What is the 3 ETF strategy? ›

A three-fund portfolio is a portfolio which uses only basic asset classes — usually a domestic stock "total market" index fund, an international stock "total market" index fund and a bond "total market" index fund.

What is the 33 33 33 portfolio? ›

The 33-33-33 rule says that the monthly income needs to be divided into 3 parts. The first 33% to go for monthly needs. The second is 33% for your wants like shopping and traveling and the last 33% towards investments and savings.
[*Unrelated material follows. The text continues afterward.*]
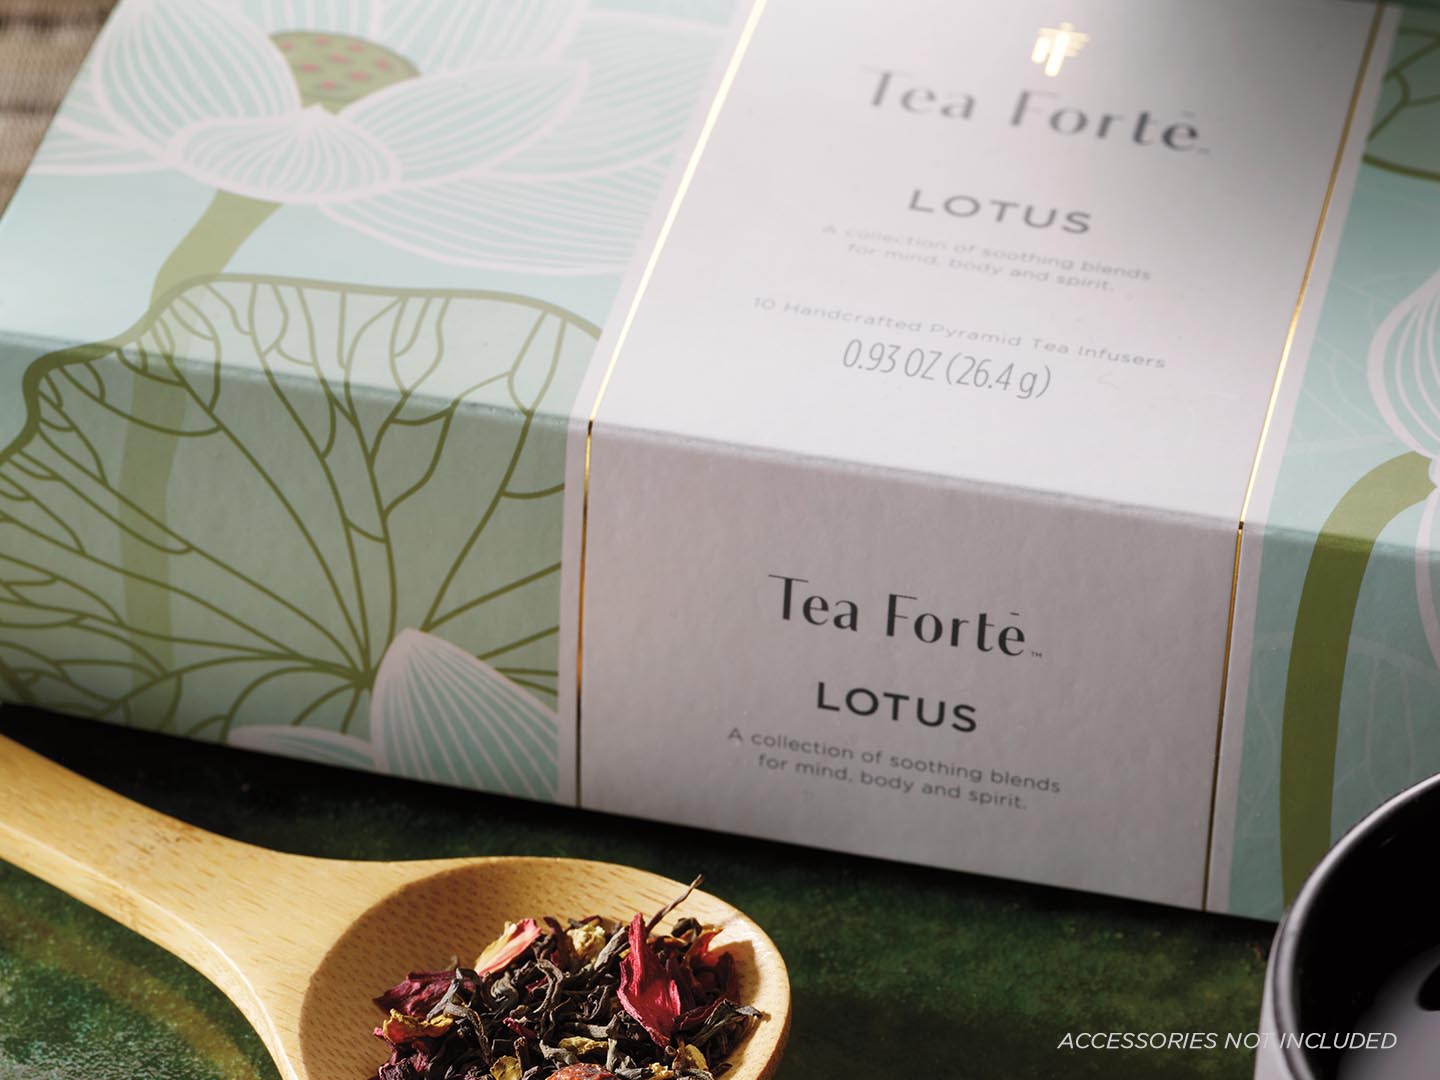 Lotus tea assortment in a 10 count petite presentation box - closeup of lid

How much of my money should I invest in ETF? ›

You expose your portfolio to much higher risk with sector ETFs, so you should use them sparingly, but investing 5% to 10% of your total portfolio assets may be appropriate. If you want to be highly conservative, don't use these at all. Consider the two funds below.

Is 20 ETFs too many? ›

How many ETFs are enough? The answer depends on several factors when deciding how many ETFs you should own. Generally speaking, fewer than 10 ETFs are likely enough to diversify your portfolio, but this will vary depending on your financial goals, ranging from retirement savings to income generation.

What is an ideal expense ratio for ETF? ›

A good rule of thumb is to not invest in any fund with an expense ratio higher than 1% since many ETFs have expense ratios that are much lower. Also, ETFs tend to be passively managed, which keeps the management fee low.

Should you have ETFs in your portfolio? ›

ETFs can be a great investment for long-term investors and those with shorter-term time horizons. They can be especially valuable to beginning investors. That's because they won't require the time, effort, and experience needed to research individual stocks.